A median sternotomy is the usual approach. Aortic and bicaval cannulation is performed, and cardiopulmonary bypass is initiated. Myocardial preservation is accomplished with cold blood potassium cardioplegic solution administered into the aortic root after aortic cross-clamping. This may be complemented by the retrograde technique (see Chapter 3).
A longitudinal atriotomy is made 1 cm posterior to and parallel with the atrioventricular groove. The atriotomy edges are retracted with sutures, and exposure of the tricuspid valve is further facilitated by means of appropriately sized retractors. Patients with accessory conduction pathways may undergo preoperative ablation in the catheterization laboratory. Alternatively, surgical division or cryoablation of the localized pathways may be performed. A right-sided Maze procedure is indicated if there is a history of atrial fibrillation or flutter (see Chapter 13).
When the anterior leaflet is large and has a relatively normal attachment, an annular plication, excluding the atrialized ventricle, often results in a competent tricuspid valve.
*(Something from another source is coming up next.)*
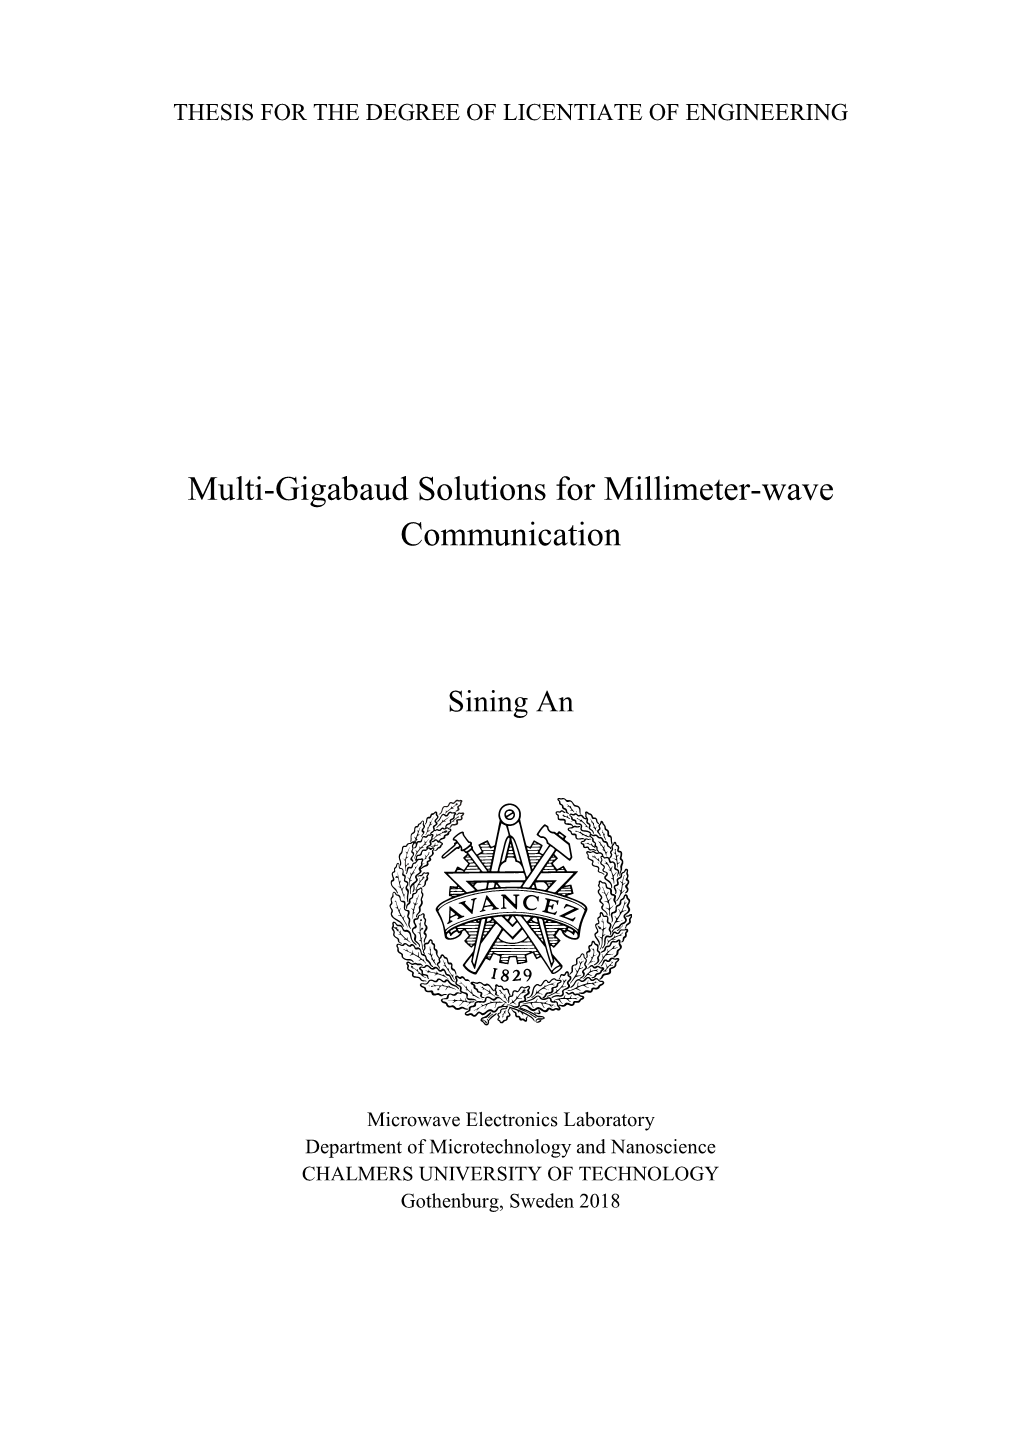 Multi-Gigabaud Solutions for Millimeter-Wave Communication
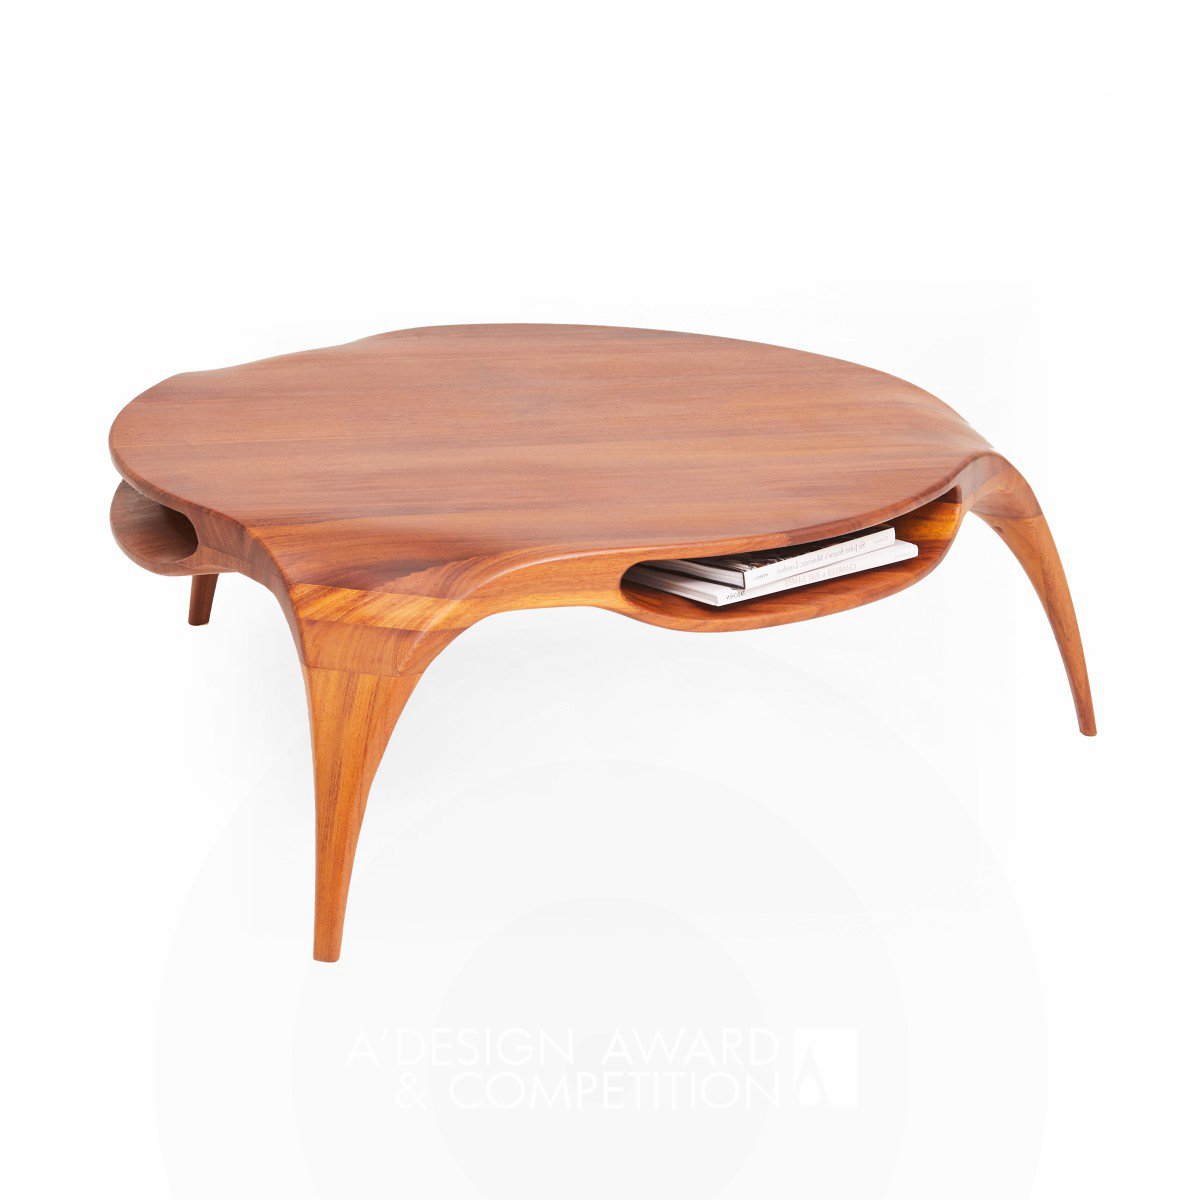 Sankao Coffee Table by Pablo Vidiella Golden Furniture Design Award Winner 2021

The displaced posterior and septal annuli (up to a point adjacent to the coronary sinus) are pulled upward into the right atrium proper to the level of the atrioventricular junction. This is accomplished with interrupted 3-0 Ticron sutures buttressed with Dacron or pericardial pledgets on both the atrial and ventricular sides of the sutures (Fig. 28.3).
Right Coronary Artery Injury
The ventricular plication sutures must be placed carefully after identifying the right coronary artery and its branches to avoid direct injury to, or distortion of, the coronary arteries, which can result in myocardial infarction.